An internal planning document provided by the Met paints a grim picture. “Because of inertia and limited maintenance time, many of the stage systems are beyond their expected life span and close to failure,” it said. Directors these days require heavier scenery, faster moves and more sophisticated lighting, it noted. The Met’s high-definition movie theater broadcasts are also driving the need for change. Digital and audio technologies are becoming common, “both as part of the production itself and as support for broadcasts seen around the world,” the planning document said.
The Met was not significantly involved in the $1.2 billion Lincoln Center renovation of the last six years. The planning resulted in friction between the former Met general manager, Joseph Volpe, and Lincoln Center’s leadership. Mr. Gelb said that campus redevelopment money, about $4 million, was applied toward a $10 million project to replace Met stage wagons, on which scenery sits.

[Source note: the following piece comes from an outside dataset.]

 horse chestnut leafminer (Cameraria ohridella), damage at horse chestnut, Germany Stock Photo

“What happens in any institution, when you’re very busy, things work, and you don’t fix them until they’re broken,” Mr. Gelb said. ”The Met’s needs were not as sexy perhaps as some of the other institutions,” he added. He said he tried unsuccessfully to insert renovations into Lincoln Center’s master plan, “but basically the program was over.” A Lincoln Center spokeswoman, Betsy Vorce, disputed that, saying that the complex was willing to extend the program, but that Mr. Gelb withdrew his request.

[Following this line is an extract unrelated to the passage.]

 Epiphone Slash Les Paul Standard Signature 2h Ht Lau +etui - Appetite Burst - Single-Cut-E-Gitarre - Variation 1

Past friction between the New York Philharmonic and Lincoln Center over a proposal to move the orchestra to Carnegie Hall also impeded the prospects of renovating Avery Fisher Hall, where the Philharmonic plays. Lincoln Center has since agreed to a renovation there, but it is not expected to begin before 2017.
The Lincoln Center renewal, which was formally completed two months ago, covered outdoor spaces and several buildings. Mr. Gelb said there were no immediate plans to make changes to the Met’s auditorium or public spaces of the house, except for possibly expanding restrooms, although, he said, “it’s hard to get a donor for that.”
The last major work at the Met was in the summer of 2010 when the company reinforced the stage with steel girders to support the 45-ton set for its “Ring” cycle. It has undertaken other piecemeal projects, like building an art gallery and gift shop and installing new lobby elevators. Met officials insist that the outmoded systems have not seriously impaired the work of directors. They just make Met stagehands and technicians virtuosos of the workaround, said John Sellars, the technical director. “It’s a real challenge not to let them down,” he said.
The first phase involves the fly system, which will be worked on mainly during the quiet summer weeks over the next four seasons. The stage lifts, air control and lighting systems should be overhauled within five to seven years. Central digital control will for the first time coordinate the movement of fly mechanisms that raise and lower scenery and the stage lifts. Roof repairs are included.